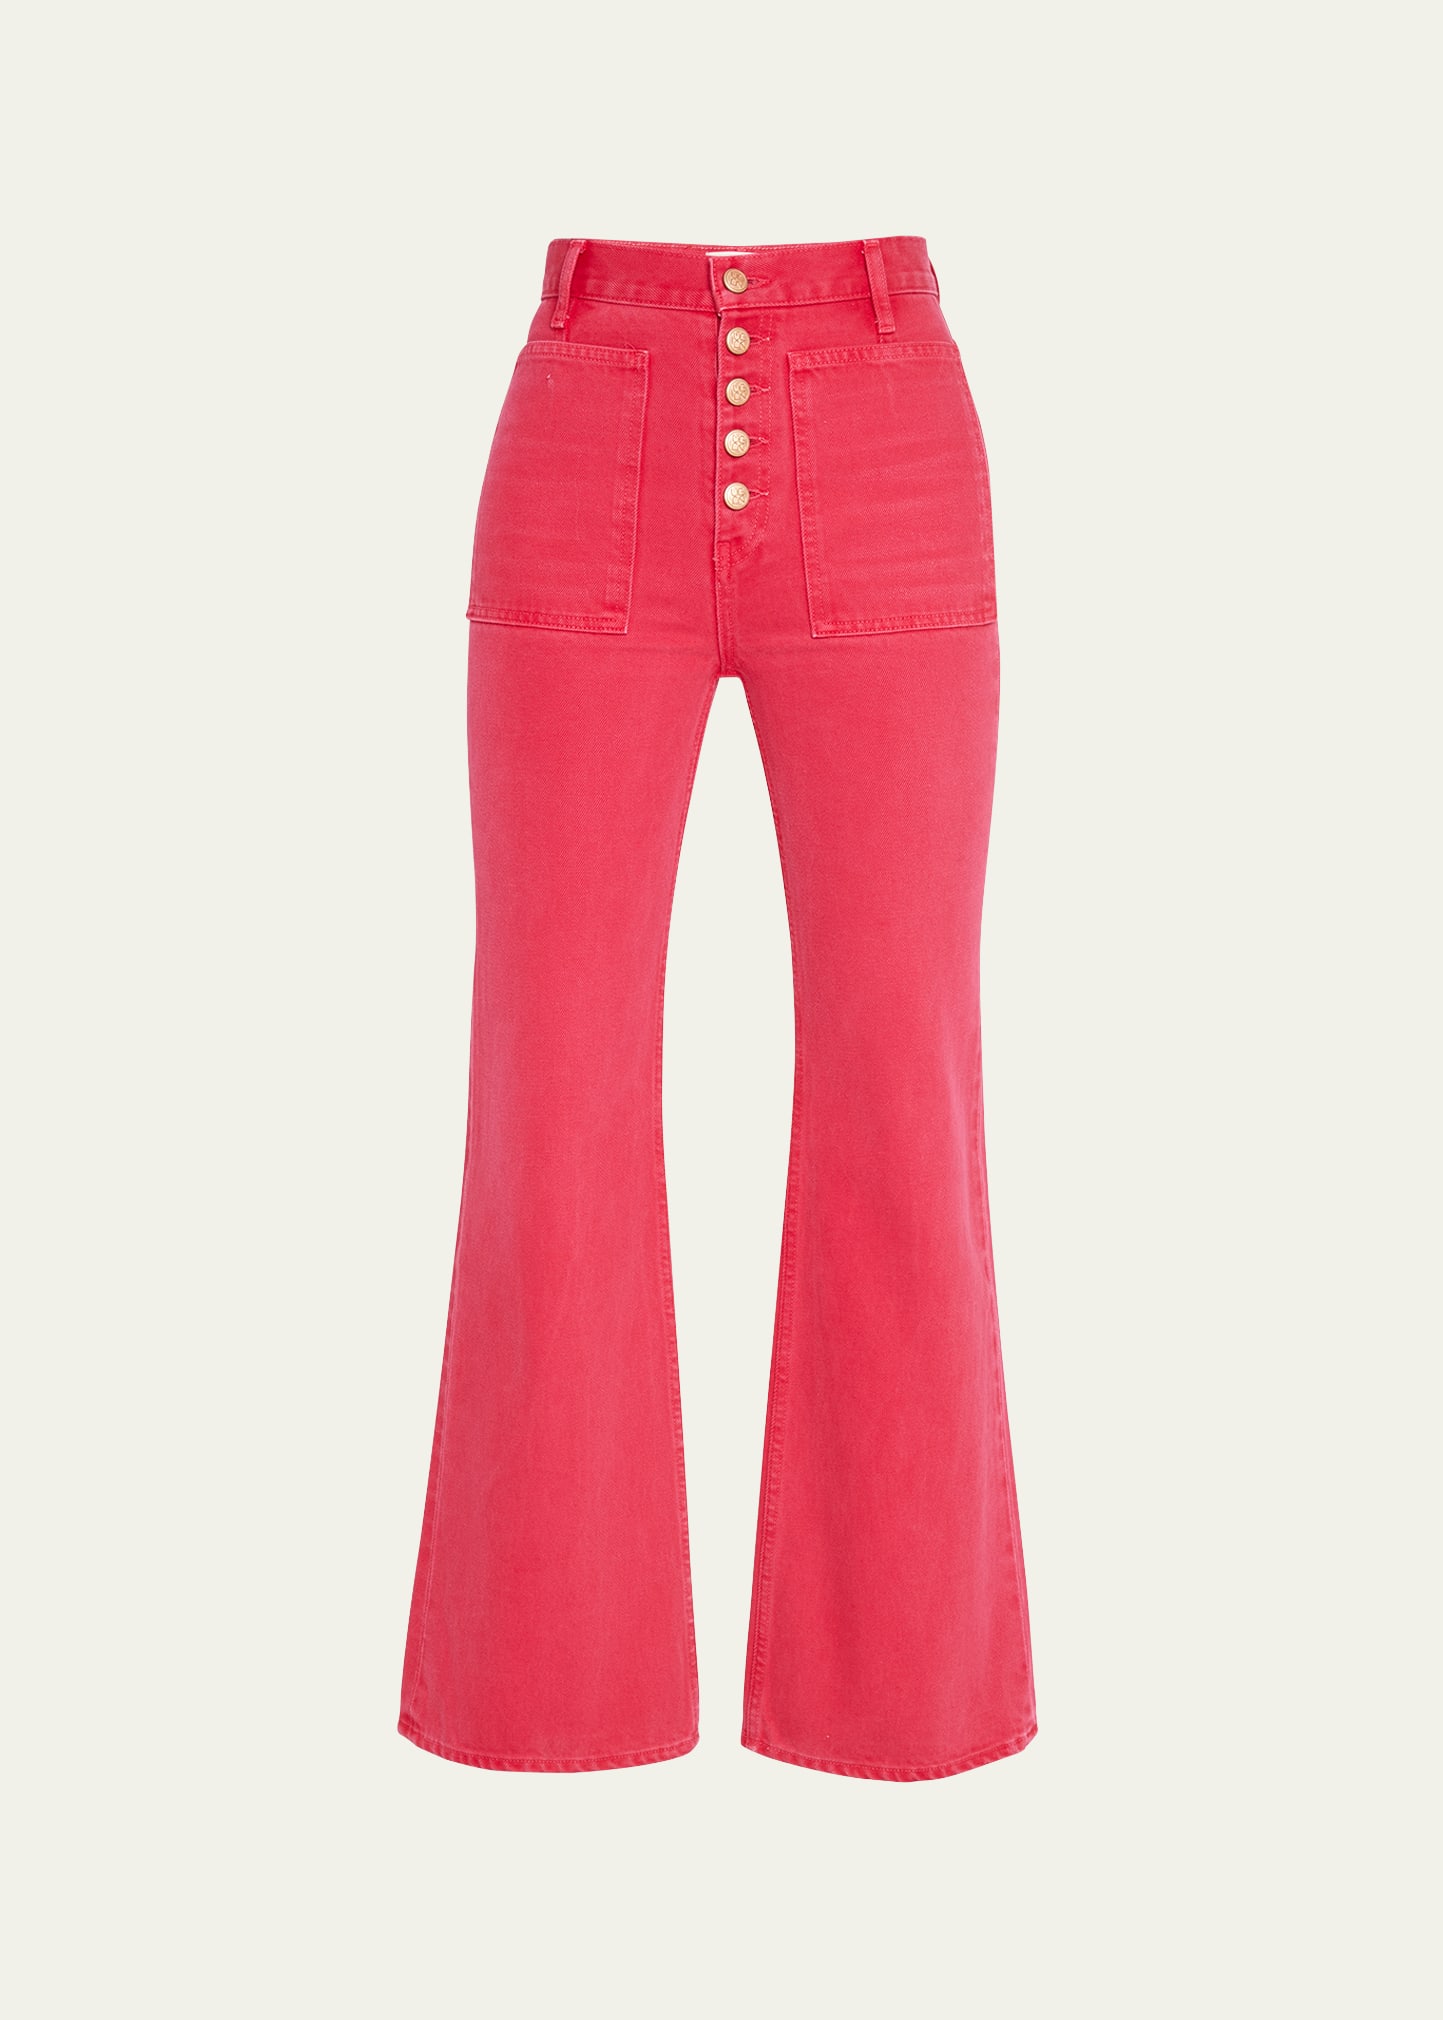 Ulla Johnson The Lou Denim Flare Jeans In Orchid Wash | ModeSens
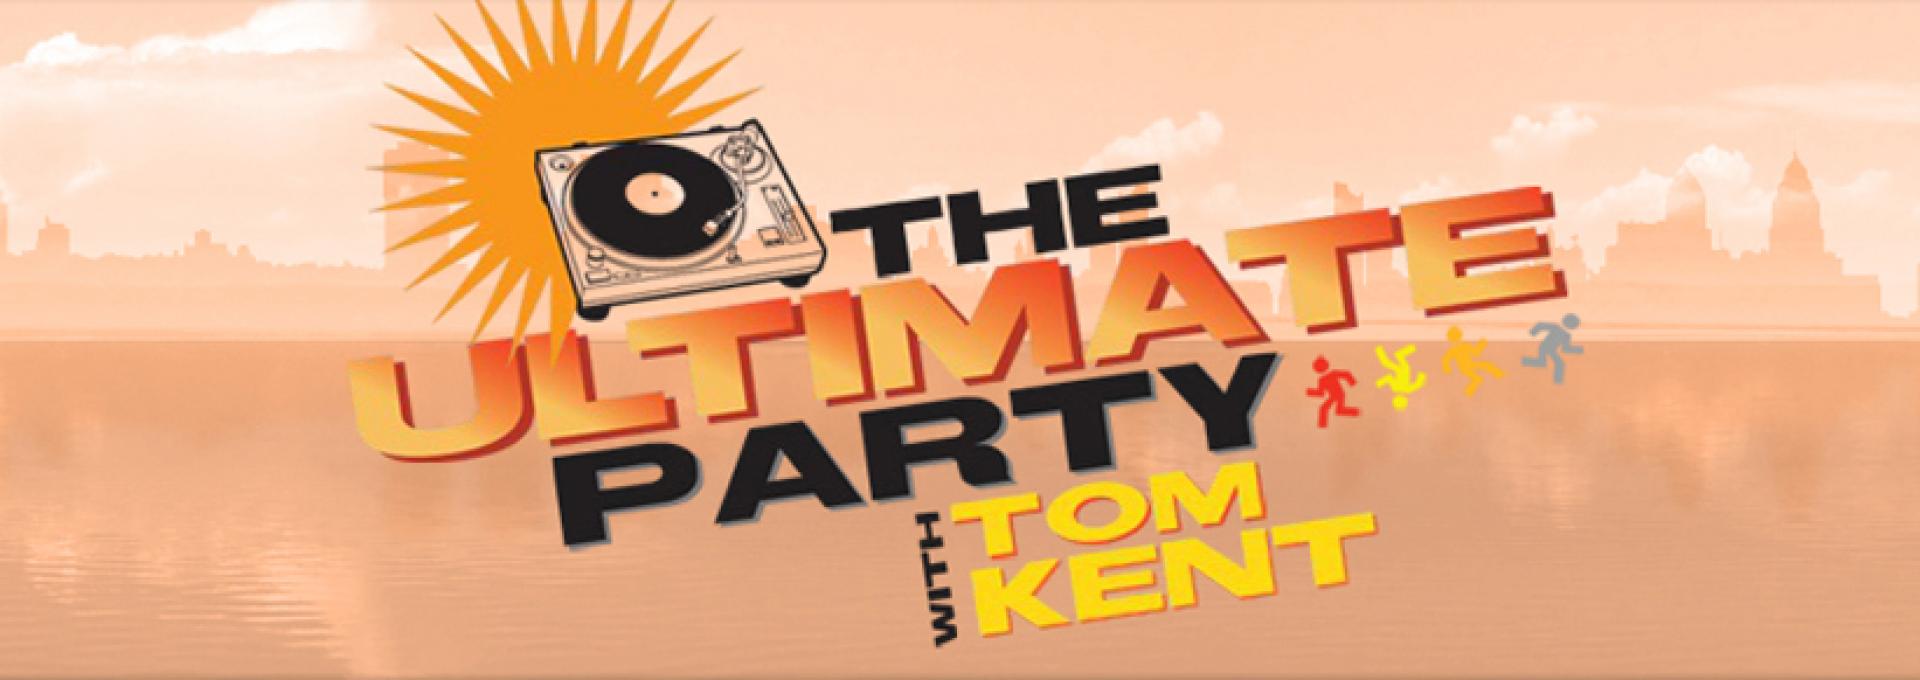 THE ULTIMATE PARTY with Tom Kent hero
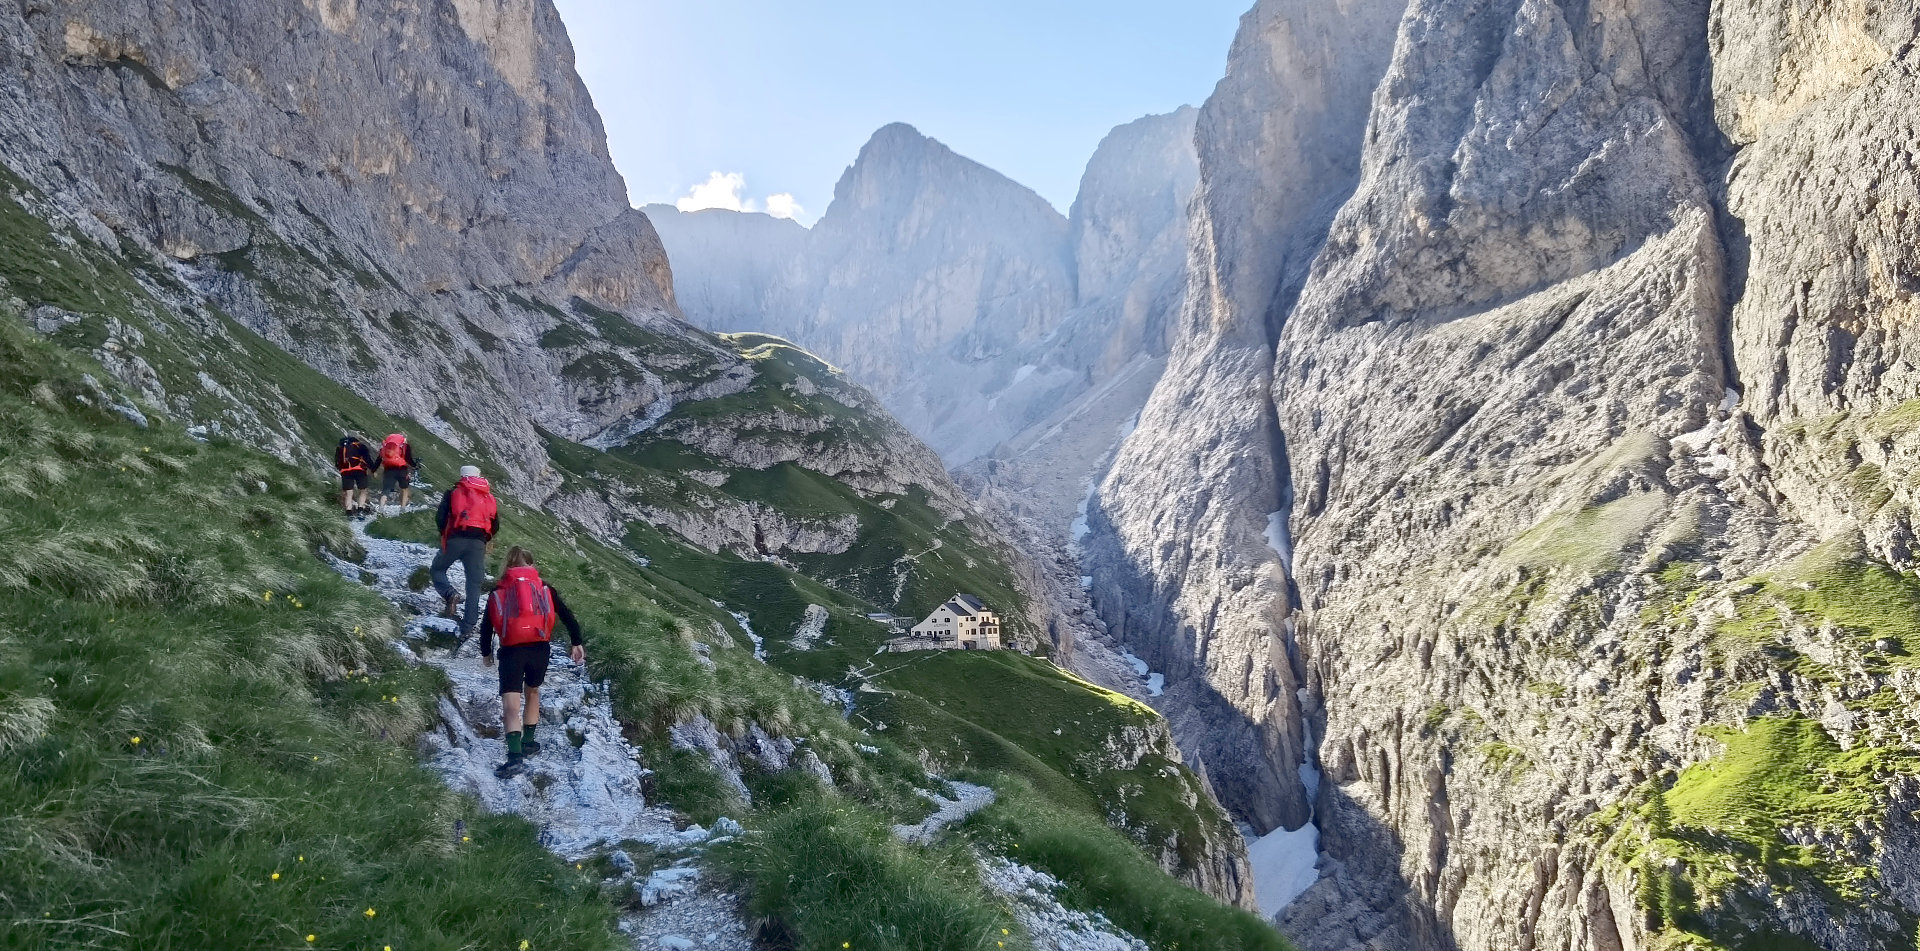 Moving forward to the Dolomites

====

• ASSIGNMENT:
No pictures should appear in the copy. Print exactly the lines above from the line containing "THE ULTIMATE PARTY with Tom Kent hero" through the last line of the data.

• ANSWER BOX:
 THE ULTIMATE PARTY with Tom Kent hero
 Moving forward to the Dolomites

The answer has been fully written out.